Le Courant des enseignants-chercheurs progressistes, affilié au Syndicat national de l’enseignement supérieur, a réitéré son rejet du caractère obligatoire de la formation initiale selon le régime des horaires aménagés, estimant que l’application contraignante de ce dispositif dans le cadre de la mise en œuvre de la loi n° 59.24 relative à l’enseignement supérieur, à la recherche scientifique et à l’innovation est contraire au principe de la gratuité de l’enseignement ainsi qu’à l’égalité des chances entre les étudiants.
Dans un communiqué, le courant indique que l’examen des procès-verbaux des conseils de plusieurs établissements universitaires révèle une divergence d’interprétation des dispositions de cette loi. Certaines universités ont en effet rendu obligatoire la formation selon le régime des horaires aménagés dans l’ensemble des cycles universitaires, tandis que d’autres en ont limité l’application au doctorat, tout en maintenant son caractère facultatif pour les cycles de licence et de master.
Selon le courant syndical, cette disparité dans l’application du texte législatif traduit l’absence d’une interprétation uniforme de la loi, une situation susceptible de porter atteinte au principe d’égalité entre les étudiants ainsi qu’à l’unité du service public de l’enseignement supérieur.
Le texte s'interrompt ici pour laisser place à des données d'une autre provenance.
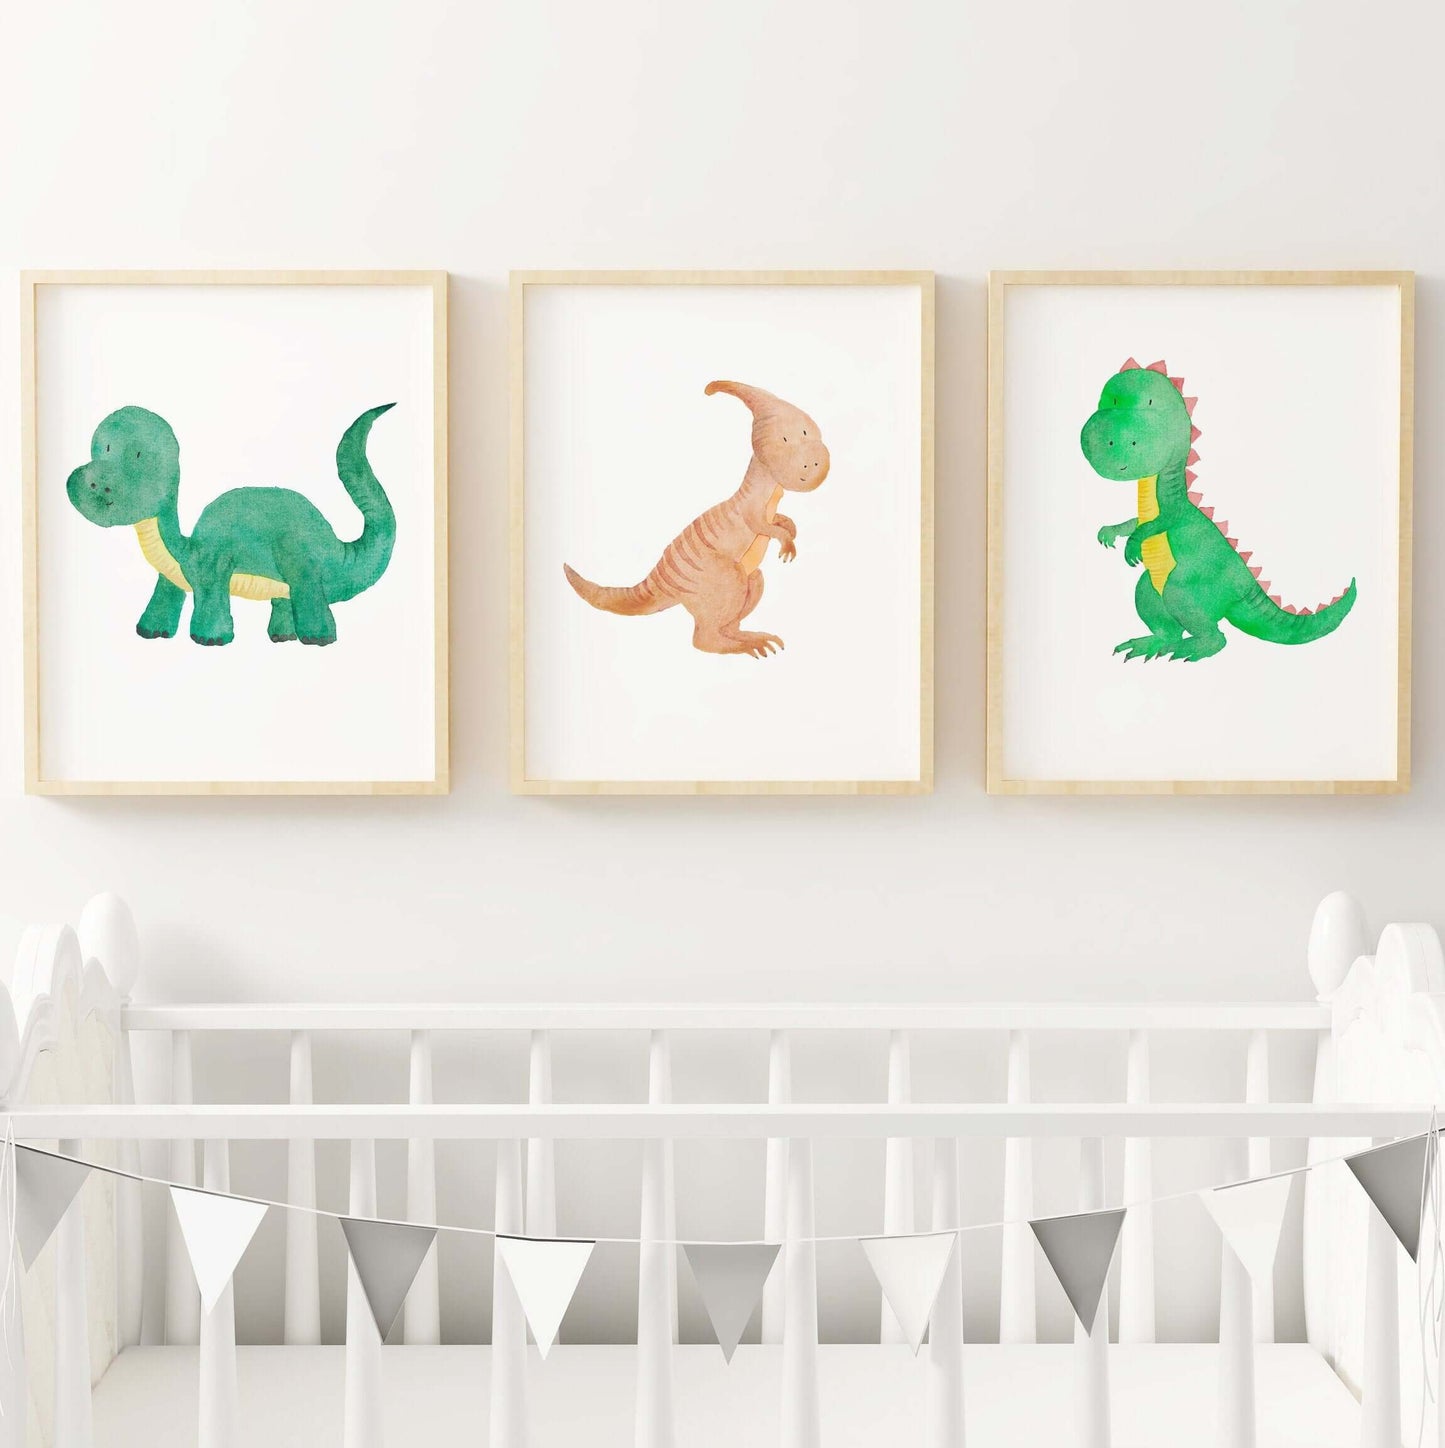 Nursery Wall Art, Nursery Decor, Watercolour Prints, Dinosaur Wall Art, Dinosaur Bedroom Prints, Children's Wall Art, Nursery Prints

Les enseignants-chercheurs progressistes considèrent que l’article 81 de la loi n° 59.24 a été conçu, selon leur lecture, pour instaurer un parcours flexible et facultatif destiné à élargir les possibilités d’accès à la formation, en complément du cursus classique, et non pour imposer un régime obligatoire. Ils estiment que l’application contrainte de ce système à certaines catégories d’étudiants constitue une forme de discrimination fondée sur leur statut administratif ou professionnel et s’écarte de l’esprit ayant présidé à l’élaboration du projet de loi.
Parallèlement, le courant réaffirme son soutien aux formations continues destinées aux salariés et aux fonctionnaires, tout en soulignant qu’elles ne sauraient servir de prétexte à l’instauration de droits d’inscription dans la formation initiale ni remettre en cause le principe de la gratuité de l’enseignement supérieur.
Il appelle ainsi à l’abrogation de toutes les décisions imposant le régime des horaires aménagés de manière obligatoire et réclame la garantie du libre choix des étudiants entre le cursus classique et ce mode de formation, sans discrimination aucune. Le courant rappelle, à cet égard, que la gratuité de l’enseignement supérieur constitue un acquis à la fois constitutionnel et sociétal qu’il convient de préserver.
En outre, il propose le lancement d’une initiative nationale de solidarité invitant les enseignants encadrant les formations dispensées selon le régime des horaires aménagés à renoncer volontairement aux indemnités afférentes à cette mission, au profit des étudiants contraints de s’acquitter des frais d’inscription, en signe de protestation contre le caractère obligatoire de ce dispositif. Il appelle également les organisations démocratiques et les associations de défense des droits à se mobiliser pour la préservation de l’université publique et du principe de gratuité de l’enseignement supérieur.